__Your assignment__. All that is needed is the line containing "Groom kisses bride" together with each line after it, transcribed exactly to the end of the records.

__Supplied data__.
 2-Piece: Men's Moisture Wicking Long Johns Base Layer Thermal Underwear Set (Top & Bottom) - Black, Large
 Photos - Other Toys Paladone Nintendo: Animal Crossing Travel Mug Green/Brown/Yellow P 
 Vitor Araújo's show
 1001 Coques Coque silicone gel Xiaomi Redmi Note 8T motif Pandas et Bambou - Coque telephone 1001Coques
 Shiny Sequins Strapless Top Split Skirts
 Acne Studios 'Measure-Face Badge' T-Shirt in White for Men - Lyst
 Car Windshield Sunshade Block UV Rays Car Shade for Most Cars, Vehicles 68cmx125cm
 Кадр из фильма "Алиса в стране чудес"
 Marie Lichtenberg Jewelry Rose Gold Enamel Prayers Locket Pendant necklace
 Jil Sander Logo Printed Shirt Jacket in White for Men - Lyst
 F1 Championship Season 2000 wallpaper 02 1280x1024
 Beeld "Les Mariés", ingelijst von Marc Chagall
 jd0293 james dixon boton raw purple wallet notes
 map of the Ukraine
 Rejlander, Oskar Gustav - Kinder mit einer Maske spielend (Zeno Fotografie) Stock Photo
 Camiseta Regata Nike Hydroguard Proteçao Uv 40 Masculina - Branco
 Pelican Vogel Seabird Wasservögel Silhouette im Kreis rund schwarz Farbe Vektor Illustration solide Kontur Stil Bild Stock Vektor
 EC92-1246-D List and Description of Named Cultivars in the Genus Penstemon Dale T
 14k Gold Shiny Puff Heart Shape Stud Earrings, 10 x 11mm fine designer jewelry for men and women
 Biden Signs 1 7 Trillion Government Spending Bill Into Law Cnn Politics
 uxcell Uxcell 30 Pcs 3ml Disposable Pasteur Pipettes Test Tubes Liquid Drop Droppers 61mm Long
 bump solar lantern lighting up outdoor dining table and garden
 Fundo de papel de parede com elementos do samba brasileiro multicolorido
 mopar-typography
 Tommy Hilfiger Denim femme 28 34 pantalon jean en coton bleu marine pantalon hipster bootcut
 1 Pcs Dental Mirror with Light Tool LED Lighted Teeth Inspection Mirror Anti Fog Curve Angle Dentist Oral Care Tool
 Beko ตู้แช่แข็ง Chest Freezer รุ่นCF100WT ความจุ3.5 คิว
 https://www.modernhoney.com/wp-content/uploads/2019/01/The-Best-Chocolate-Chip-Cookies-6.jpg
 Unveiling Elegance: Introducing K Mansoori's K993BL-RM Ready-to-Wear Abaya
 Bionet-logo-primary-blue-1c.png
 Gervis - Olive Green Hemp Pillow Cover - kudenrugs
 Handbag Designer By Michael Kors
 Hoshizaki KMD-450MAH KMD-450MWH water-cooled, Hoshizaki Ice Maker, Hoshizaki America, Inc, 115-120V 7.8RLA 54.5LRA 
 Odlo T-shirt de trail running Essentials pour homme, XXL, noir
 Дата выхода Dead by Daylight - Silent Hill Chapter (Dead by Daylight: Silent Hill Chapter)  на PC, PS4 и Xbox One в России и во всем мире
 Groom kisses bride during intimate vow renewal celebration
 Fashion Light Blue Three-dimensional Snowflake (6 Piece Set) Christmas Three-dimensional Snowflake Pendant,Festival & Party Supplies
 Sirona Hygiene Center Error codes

__Result of this task__.
 Groom kisses bride during intimate vow renewal celebration
 Fashion Light Blue Three-dimensional Snowflake (6 Piece Set) Christmas Three-dimensional Snowflake Pendant,Festival & Party Supplies
 Sirona Hygiene Center Error codes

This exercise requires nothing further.